● **Information provided**
[Start of section]

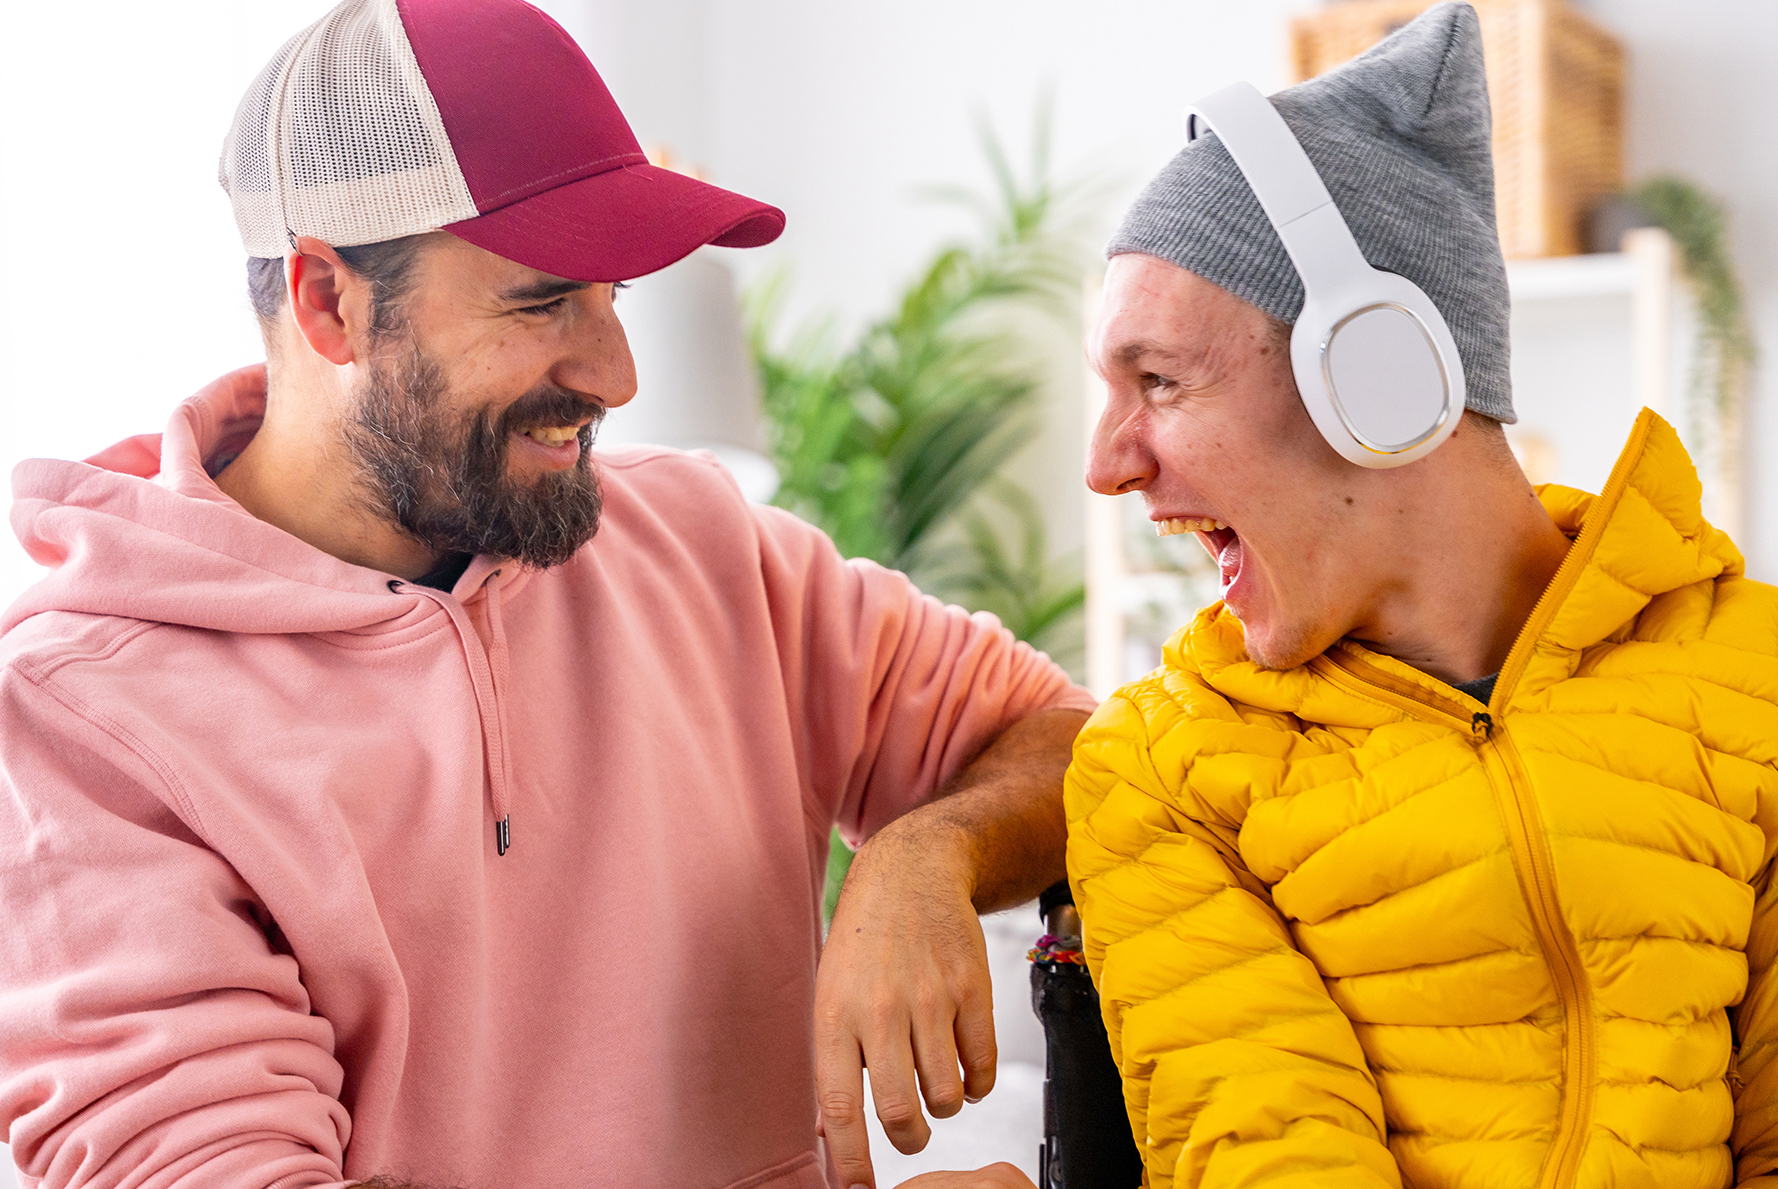 "A man wearing a ball cap and a pink hoodie smiles as he communicates with his friend who has ALS and is wearing a yellow jacket and headphones"
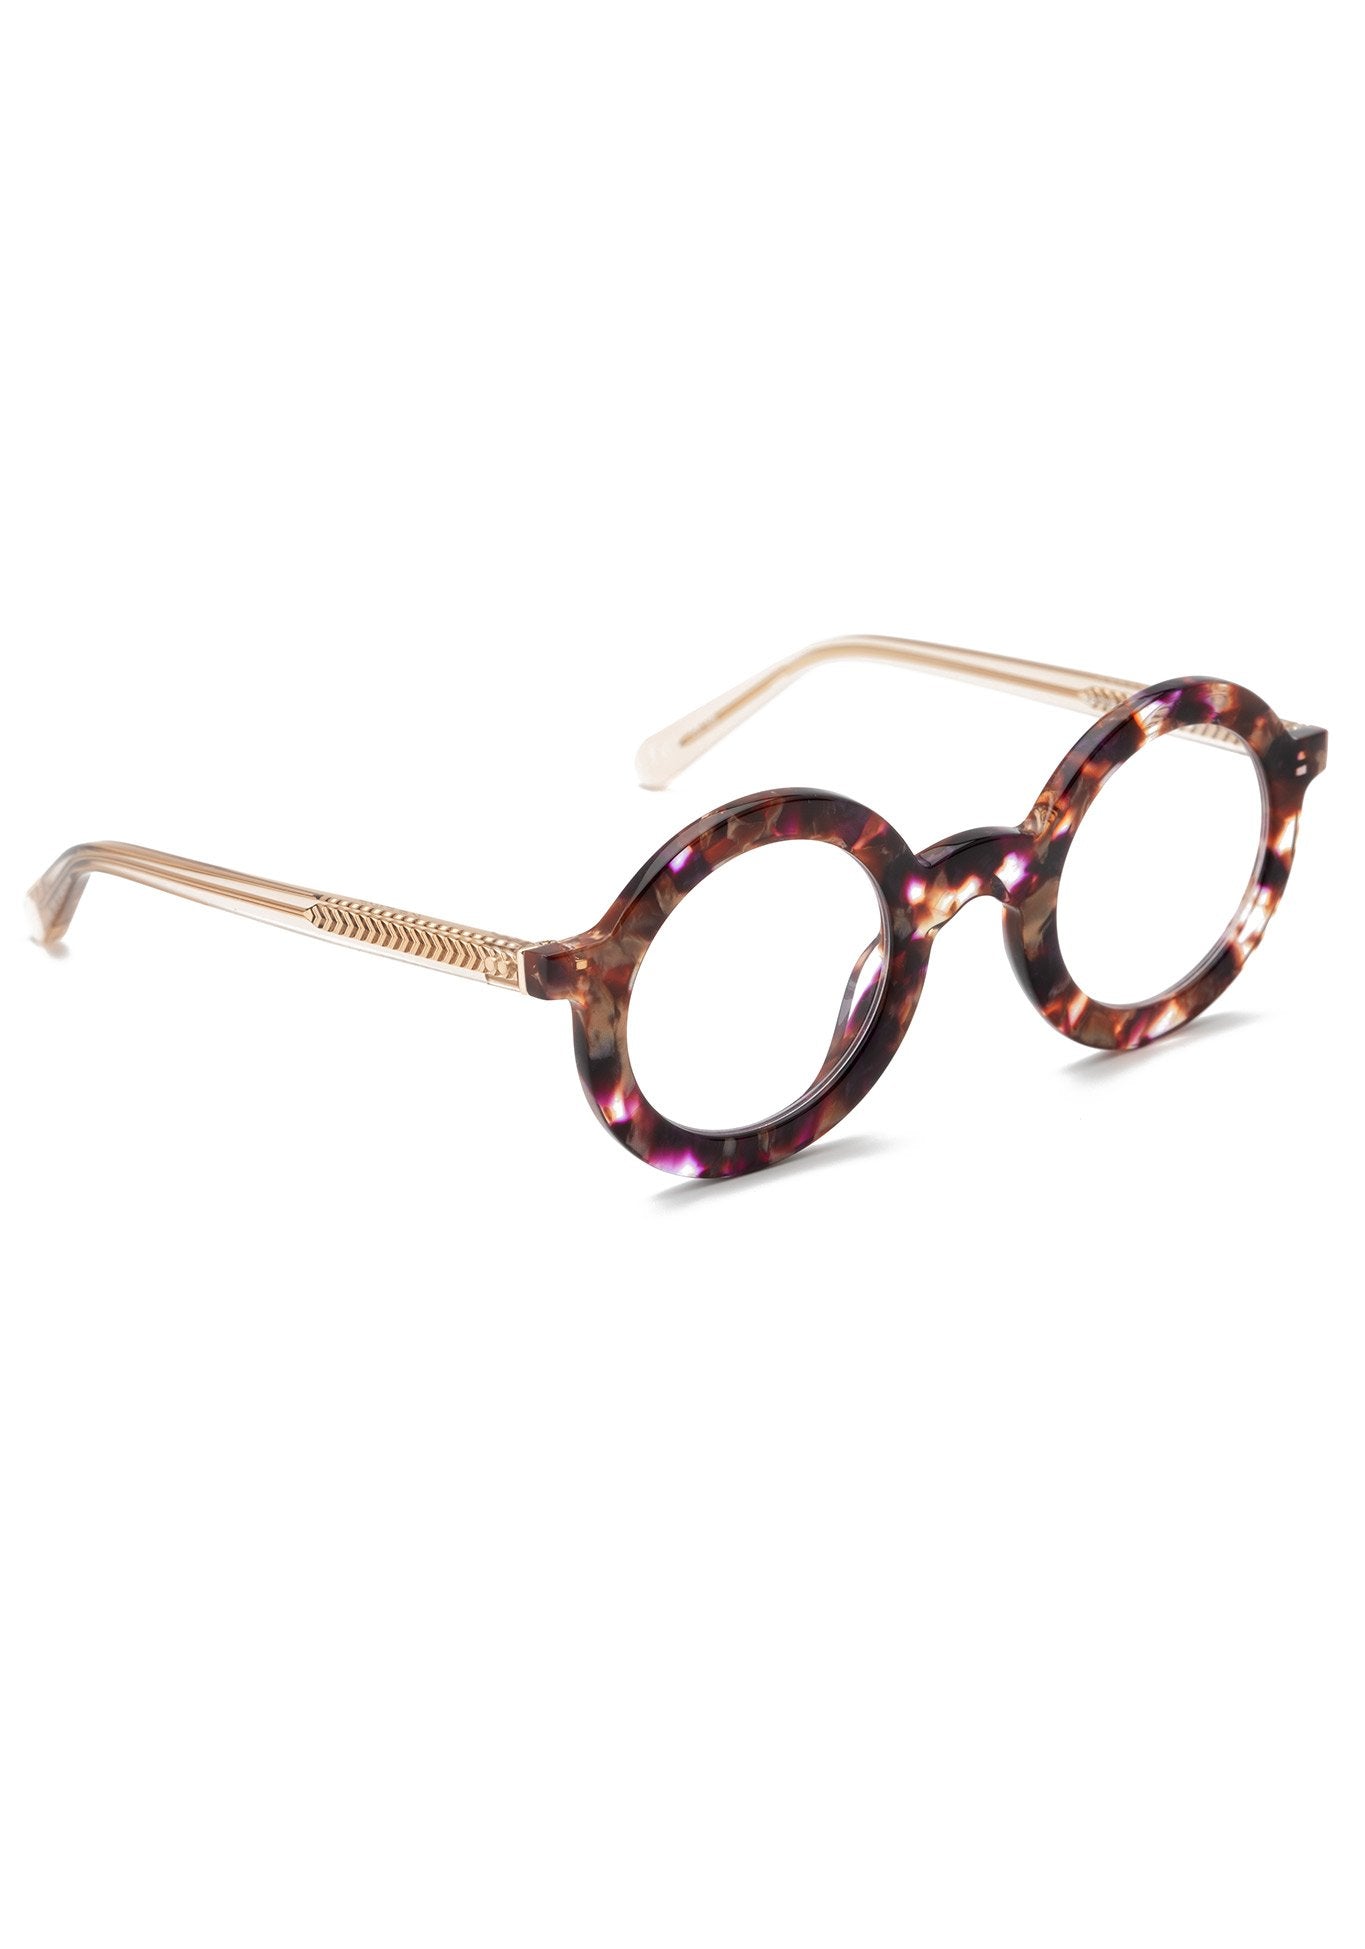 KREWE - HURST | Stardust Handcrafted, Luxury Pink and Red Acetate Eyeglasses
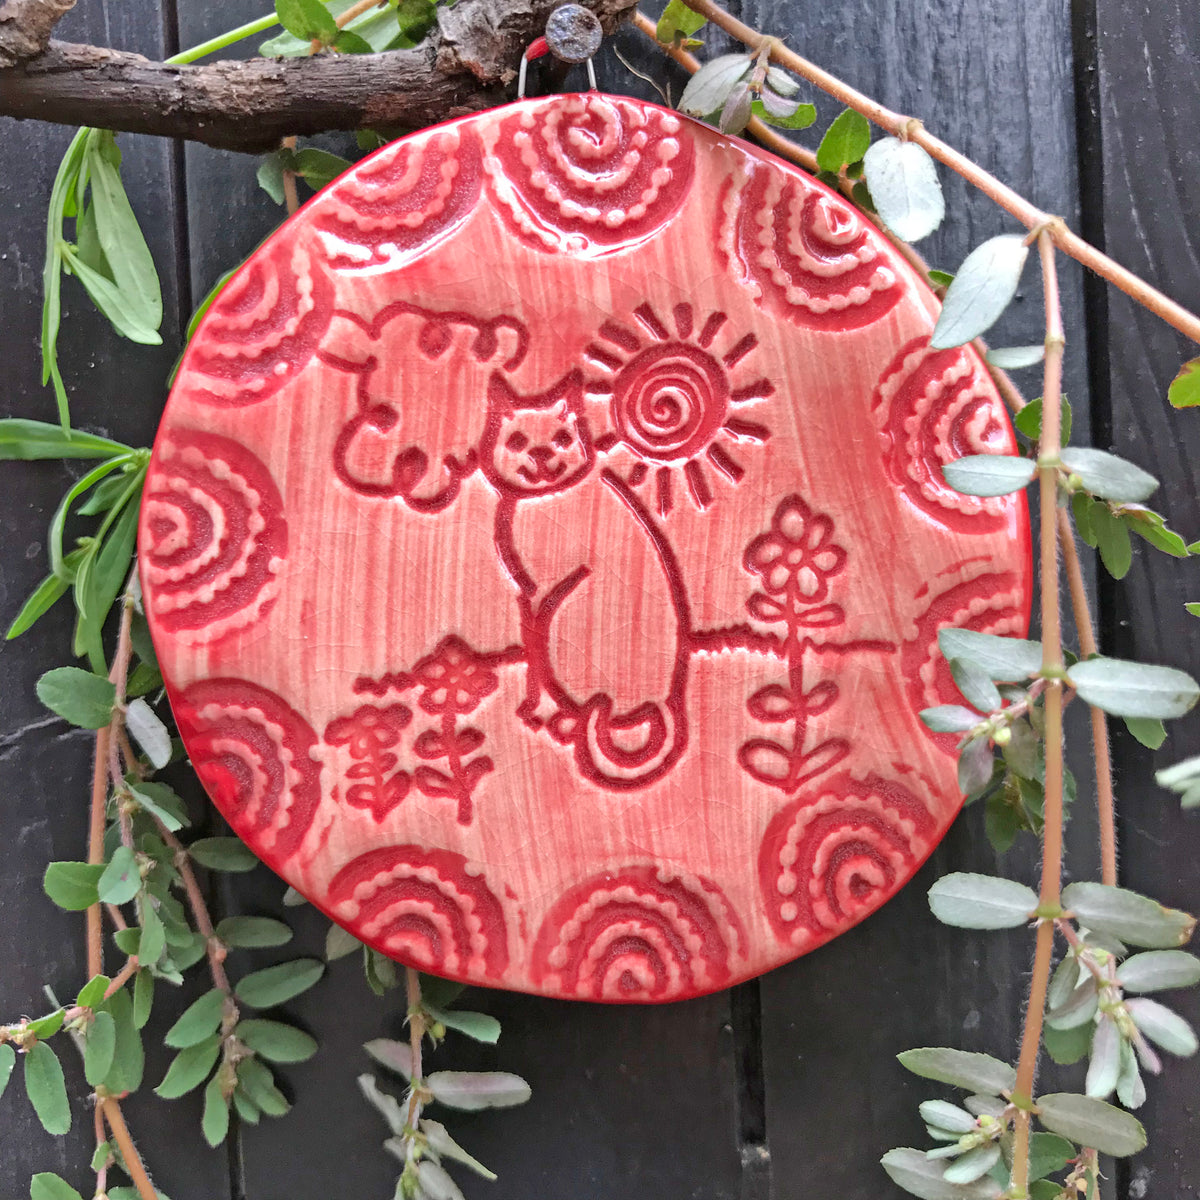 A christmas ornament for cat lovers, the Cat in the Sun design is glazed in Christmas Red.  It is a whimsical design that many people display year round.

[End of section]

● **Aim of the exercise**
The whole listing must come back verbatim, with no pictures included.

● **Response box**
 "A man wearing a ball cap and a pink hoodie smiles as he communicates with his friend who has ALS and is wearing a yellow jacket and headphones"
 KREWE - HURST | Stardust Handcrafted, Luxury Pink and Red Acetate Eyeglasses
 A christmas ornament for cat lovers, the Cat in the Sun design is glazed in Christmas Red.  It is a whimsical design that many people display year round.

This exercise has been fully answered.